標的の島 風かたかのサトミンのレビュー・感想・評価

標的の島 風かたか(2017年製作の映画)
4.4
作品中盤、沖縄の神さまのお祭りシーン。
一般の人が神さまに質問する。
神さまの世界も自衛隊(武器や兵士)はあるのですか?
神さまは答える。
無いよ。私たちの世界は、どんな国の人もみんな兄弟だからさー。
ここで、涙腺が崩壊し、声が出てしまうのを抑えるのがやっとだった。
赤ちゃんの映像もときどき出てくる。
ヘリパッドやミサイル基地予定地も出てくる。
日本のほとんどの大人は、自分の都合ばかり考えていますし、マスメディアも仮想敵国作りのため国民をあおる映像を流す。
モノを言えない赤ちゃんの代わりに、責任ある思考を持ってもらいたい。
オープニングに古謝美佐子さん登場。
いつも素敵な歌を聴かせてくれます。
最後のシーン。
若い機動隊の顔が映される。
仕事として割りきっているのか、一人間としてそれで良いのか、心の声を聞きたい。
ドキュメンタリーだけど見やすかった。
上映後は、監督である三上智恵さんの1時間の講演会。
なめらかに聞きやすかったのは毎日放送のアナウンサーだったから。
沖縄の知らないことばかりの内容で、驚くことばかり。
そして、題名の島は、沖縄のことではなく、日本のことですよとのこと。
ゾッとします。
以下は上映後に購入したDVDから転記。
「標的の島」とは、沖縄のことではない。それは今あなたが暮らす日本列島のこと。
2016年6月19日、沖縄県那覇市。米軍族女性暴行殺人事件の被害者を追悼する県民大会で、稲嶺進名護市長は言った。
「我々は、また命を救う“風(かじ)かたか”になれなかった」。
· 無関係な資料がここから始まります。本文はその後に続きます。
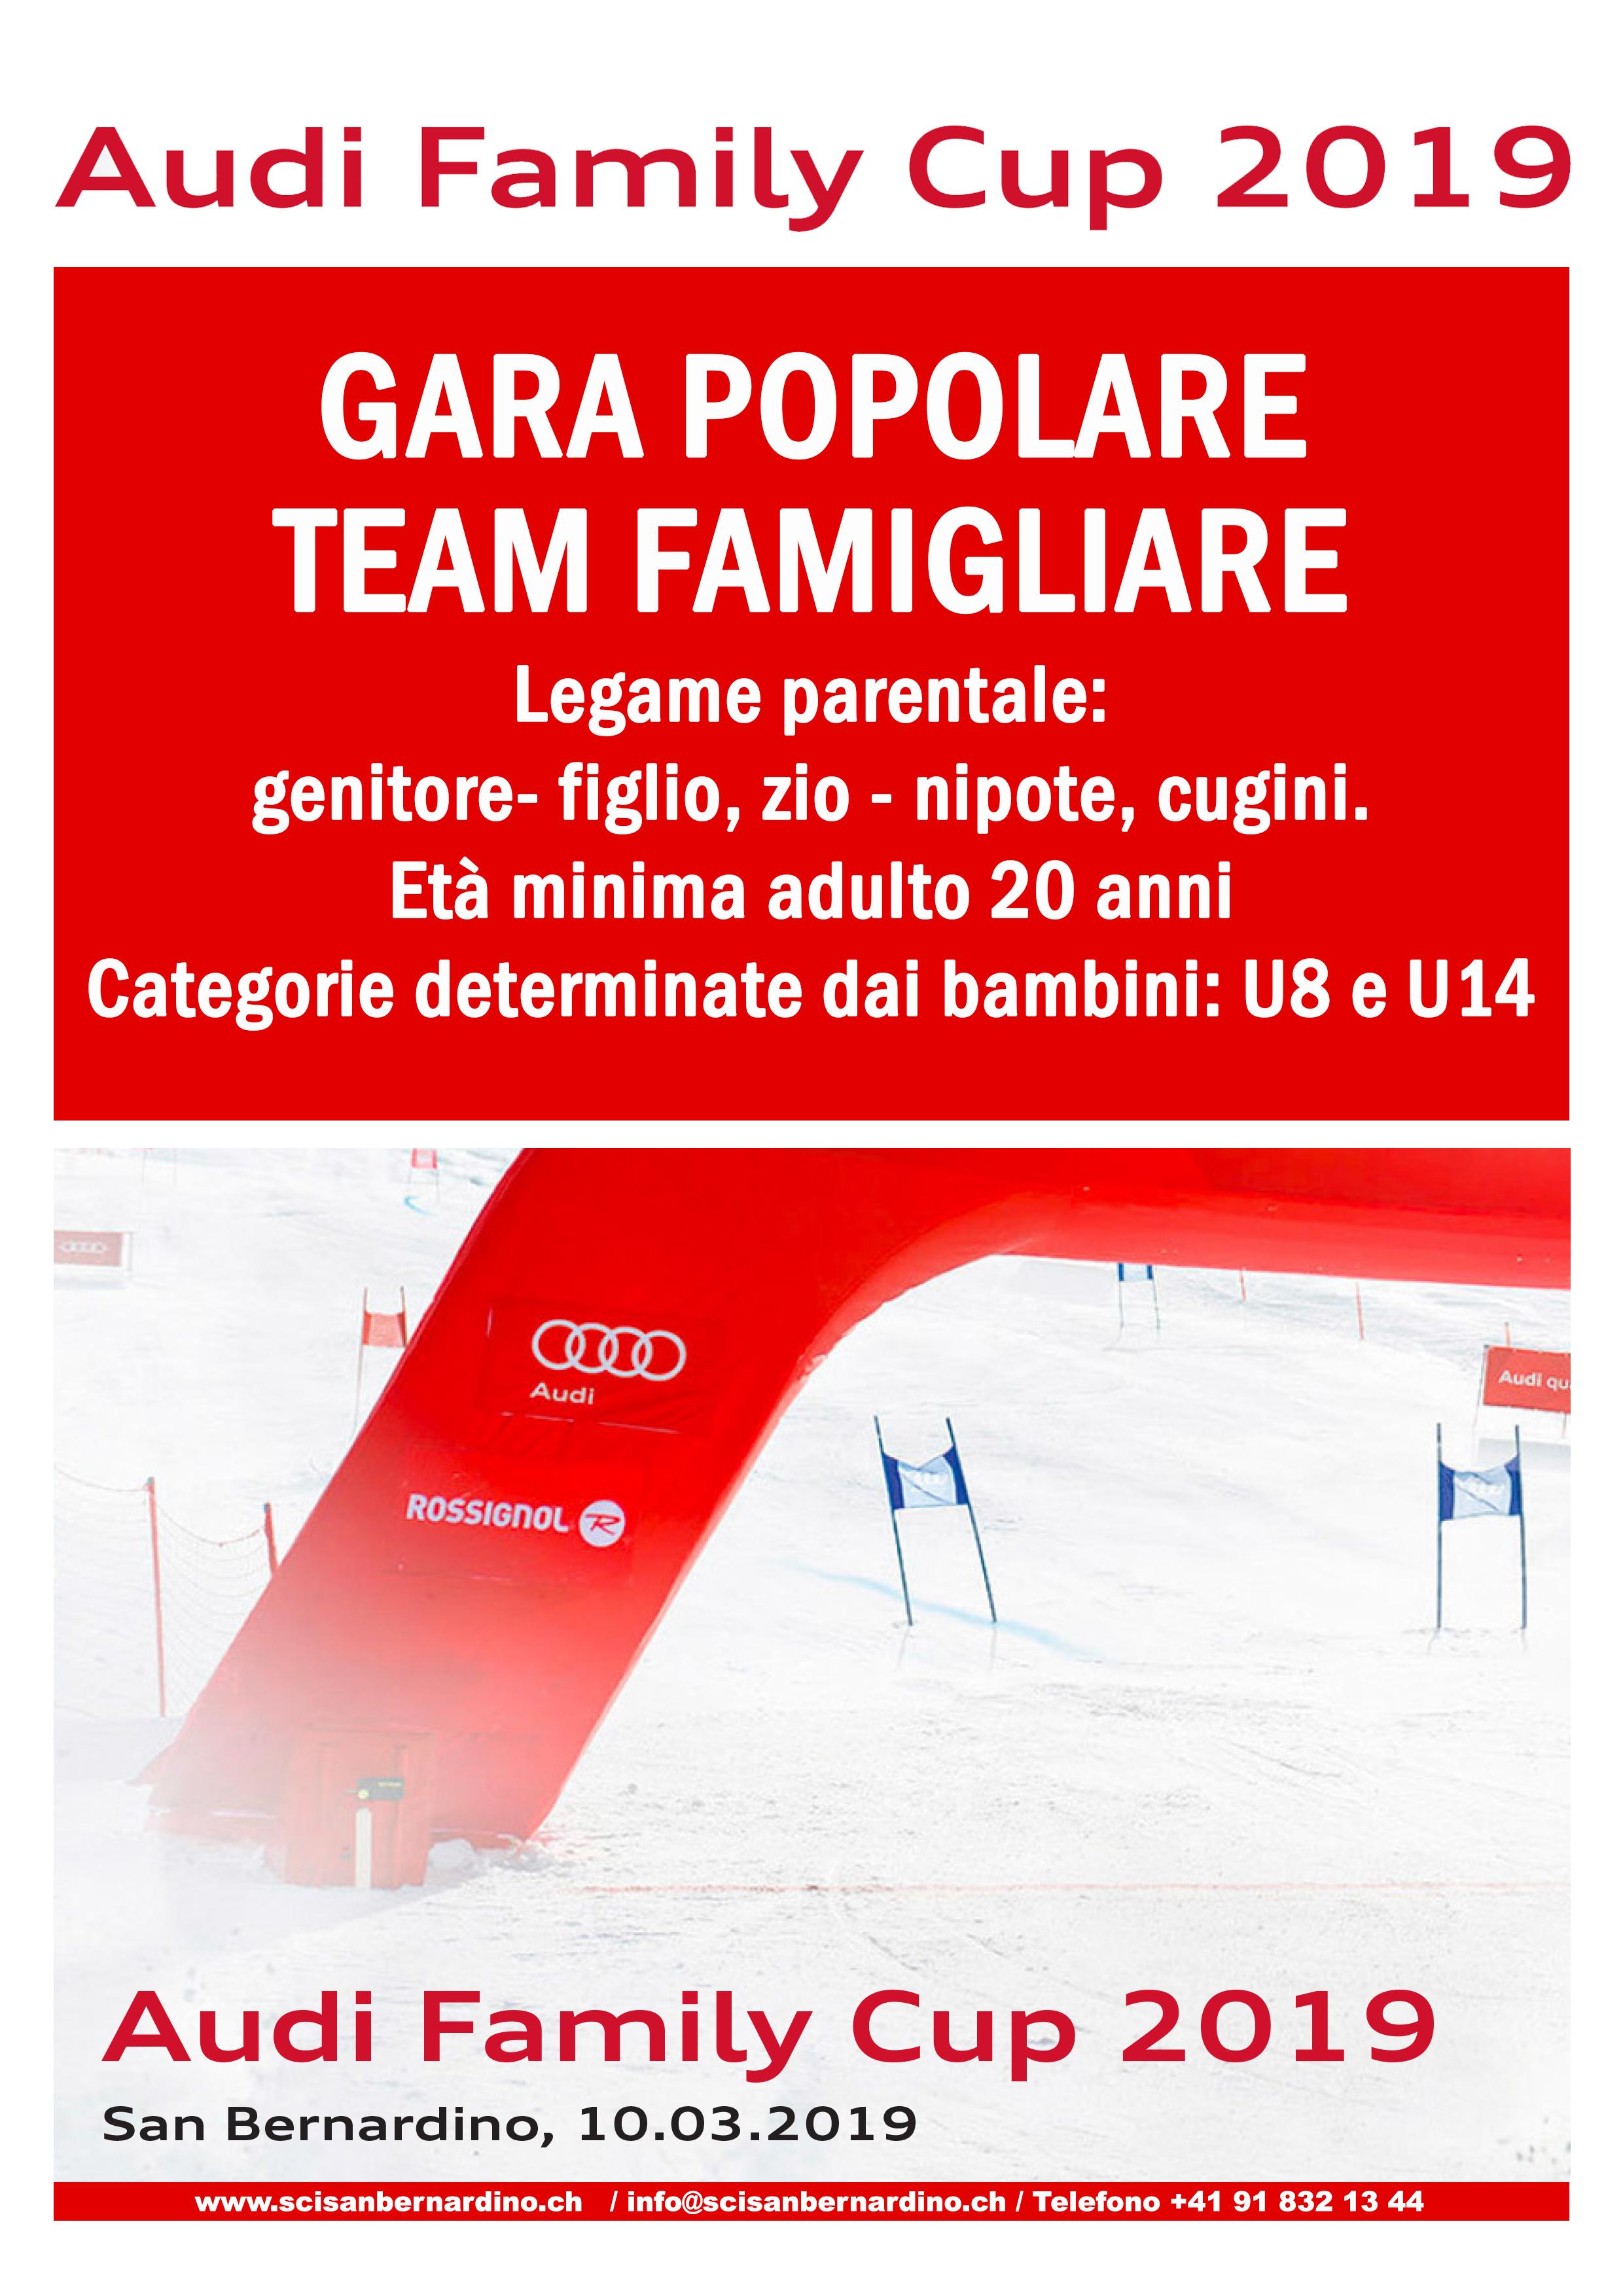 10.03.2019 Audi Family Cup 2019 / Gara popolare team famigliare

「風かたか」とは風よけ、防波堤のことだ。
沖縄県民の8割の反対を黙殺した辺野古の新基地建設、全国から1000人の機動隊を投入して高江で強行されるオスプレイのヘリパッド建設。
現場では多くの負傷者・逮捕者を出しながら、激しい抵抗が続く。さらに宮古島、石垣島でミサイル基地建設と自衛隊配備が進行していた。
なぜ今、先島諸島を軍事要塞化するのか?それは日本列島と南西諸島を防波堤として中国を軍事的に封じ込めるアメリカの戦略「エアシーバトル構想」の一環であり、日本を守るためではない。
基地があれば標的になる、軍隊は市民の命を守らない──沖縄戦で歴史が証明したことだ。だからこそ、この抵抗は止まない。
この国は、今、何を失おうとしているのか。映画は、伝えきれない現実を観るものに突きつける。
監督は『標的の村』『戦場ぬ止み』『沖縄スパイ戦史』の三上智恵。
※2019年8月25日(日)
第16回いわき平和のつどいの一環として上映。